So what did this tell me?

  • I could see that all service endpoint methods get their own function;
  • That the second line of that function declared the service proxy (“AuthenticationService_Proxy”) along with the method name (“login”);
  • Following this, there was a try-catch statement, of which the first line declared the remote service interface value (“com.exorp.olympian.client.asycnService.AuthenticationService”) and the number of parameters the method expects (2);
  • Immediately following that, there was even number of function calls (excluding "$finish_0"), of which the first half declare the method parameter types (“java.lang.String”) , and the second half declare the parameter values (username, password).

Further review found that this was relatively consistent for all methods. So with this as a starting point, I re-compiled the application in its default mode (obfuscated) and began reversing the obfuscated client-side code - searching for some of these known key values. After a bit of trial and error I found the obfuscated version of the above “$login_0” function had become a function called “Cd” as can be seen bellow:

Unfortunately, it’s not all that clear that the above is the same implementation of the login function, and my understanding of the line offsets and their purposes (within the non-obfuscated code) has been lost.

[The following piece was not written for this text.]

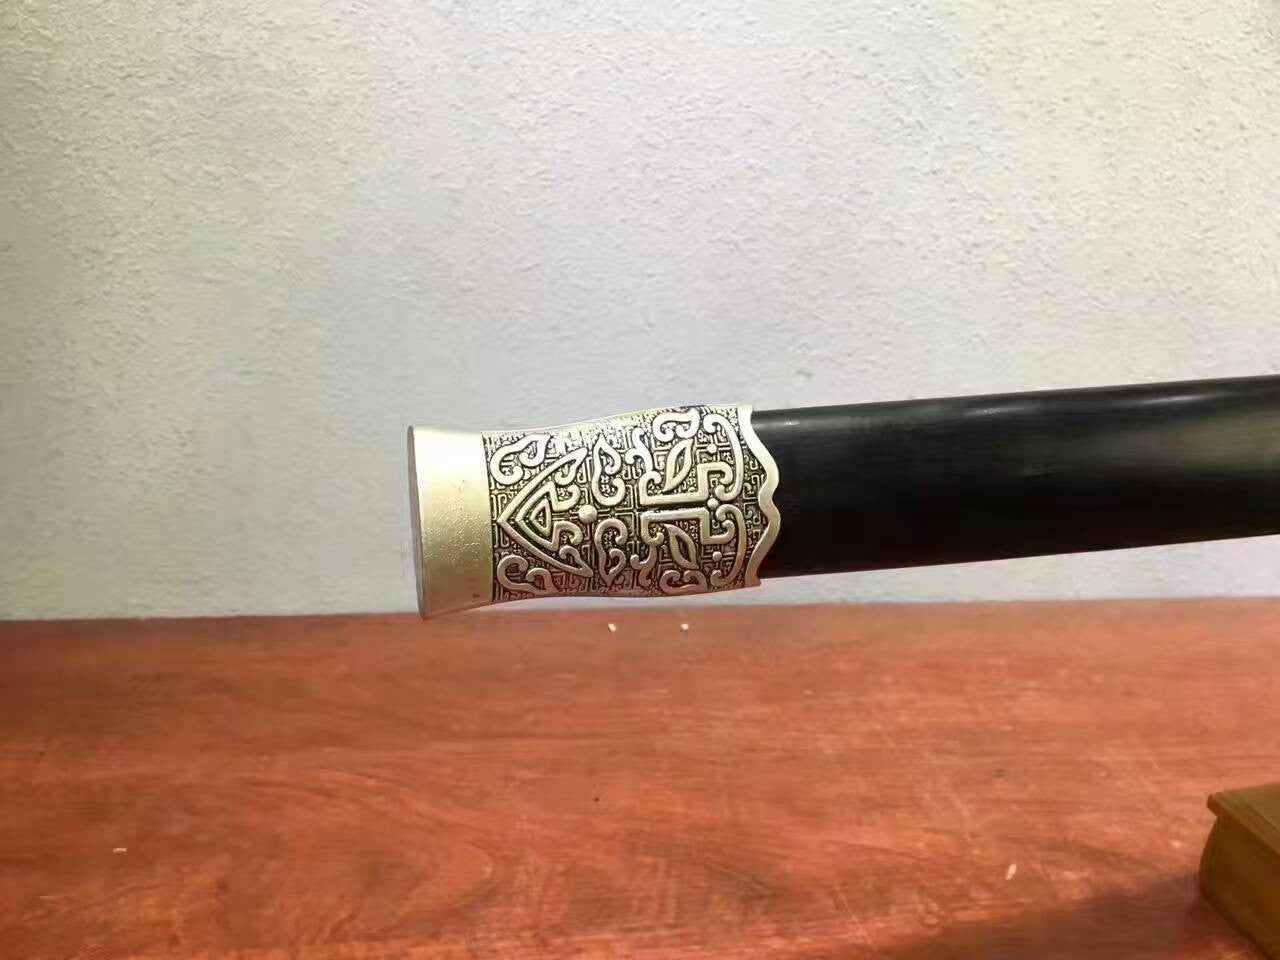 Zhaoyun sword(Damascus Steel blade,Black wood scabbard,Alloy)Length 36" - Chinese sword shop

To try and make this a bit clearer I created a “clean_code()” function in python that would take the obfuscated code and programmatically re-insert line-breaks and indentation: 

With what was now the beginning of my new tool, I ran it against the obfuscated permutation and found that to my surprise, there was an almost perfect 1-to-1 structural match of the original function:

function Cd(b,c,d,e){
        var f,g;
        f=new yu(b,iH,'login');
        try{
                g=xu(f,jH,2);
                nu(g,''+cu(g,cH));
                nu(g,''+cu(g,cH));
                nu(g,''+cu(g,c));
                nu(g,''+cu(g,d));
                wu(f,e,(Nu(),Ju))
        }
        catch(a){
                a=Xq(a);
                if(!bl(a,12))throw Yq(a)
        }

}

The complication here was that some of the original string values were now minified variables and nested function calls. However, I now knew that if I could identify the “method signature” (e.g. “f=new yu(b,iH,'login');”) and add in line breaks, I could infer at which offsets the other key values were located. I could then also  programmatically identify the values of nested variables and functions using regular expressions.

At first I was quite concerned as there was a huge amount of duplicate local variables names within the code in general. However, the originally hard-coded string values which formed part of these lines seemed to always global variables. And all global variables were declared toward the top of the permutation. For example, I could find the original value of the service proxy by extracting the value of the "iH" global variable with the permutation:

A day and a bit of reversing, python, and regex magic later, I could successfully enumerate all methods and their associated parameter types within my obfuscated permutation file:

$ ./wip.py -u "http://192.168.22.120/olympian/037A330198815EAE6A360B7107F8C442.cache.js"
...
AuthenticationService.login( java.lang.String/2004016611, java.lang.String/2004016611 )
AuthenticationService.logout( com.ecorp.olympian.shared.model.ContextId/1042941669 )
...
AccountService.getBio( com.ecorp.olympian.shared.model.ContextId/1042941669 )
AccountService.requestPasswordReset( java.lang.String/2004016611 )
...
TestService.testStringAndBoolean( java.lang.String/2004016611, java.lang.Boolean/476441737 )
TestService.testStringAndByte( java.lang.String/2004016611, B )
TestService.testStringAndChar( java.lang.String/2004016611, C )
...

You may notice a "B" and "C" parameter type in the above output. I'll expand on this later.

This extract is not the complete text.